A recent class-action lawsuit brought against the city of New York by Disability Rights Advocates affirmed that residents with disabilities face disproportionate risks of catastrophic harm and death during large-scale disasters—not because of some inherent “natural” risk, but because the city fails to plan for their needs.
One of the plaintiffs in the case was Melba Torres, a New York resident unable to evacuate during Superstorm Sandy in 2012 because she could not find accessible transport that could handle her power wheelchair. Torres was trapped without power on the eighth floor of her building and remained stuck in her apartment for six days. In a far-reaching settlement, the first of its kind, New York City agreed to overhaul its emergency preparedness plan, adding sixty new emergency shelters accessible to people with disabilities, creating a high-rise evacuation task force, deploying more robust accessible transportation resources in times of disaster, and hiring a disability coordinator for emergency services.
As climate change increases the frequency and severity of extreme weather, it makes us all more vulnerable to natural disaster.
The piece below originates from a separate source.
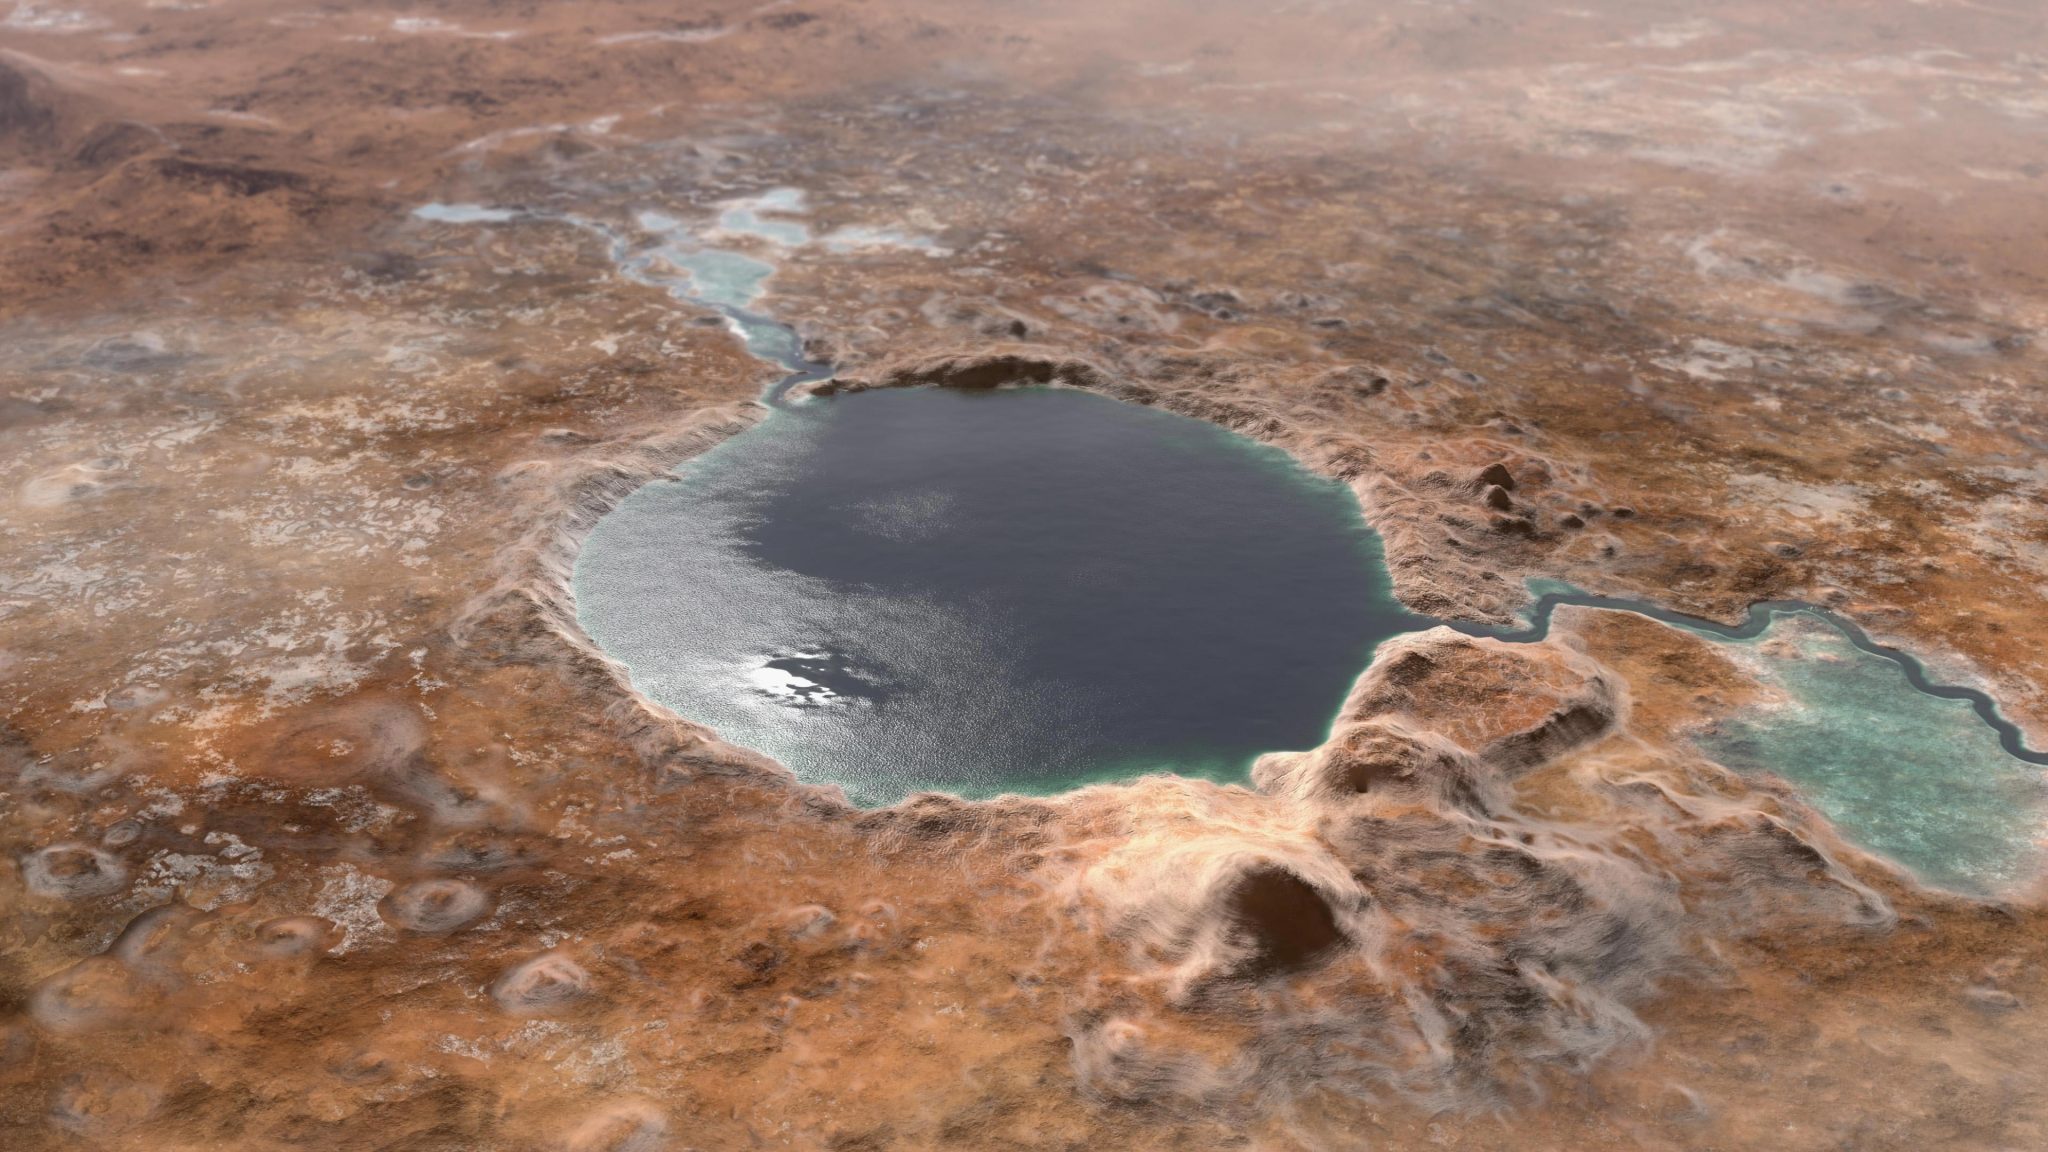 mars-jezero-crater-lake-2048x1152-1

While we often shorthand hurricanes and floods as “acts of God,” we are beginning to recognize erratic, deadly storms as augmented by human causes. Though then-President George W. Bush famously said of Hurricane Katrina that “the storm didn’t discriminate,” disaster almost always intensifies pre-existing social inequalities. In Slow Violence and the Environmentalism of the Poor, Rob Nixon observes, “Discrimination predates disaster: in failures to maintain protective infrastructures … in failures to organize evacuation plans for those who lack private transport, all of which make the poor and racial minorities disproportionately vulnerable to catastrophe.” While disasters may start as “natural” events, they become social catastrophes. The brunt of disaster is borne by those who have the least.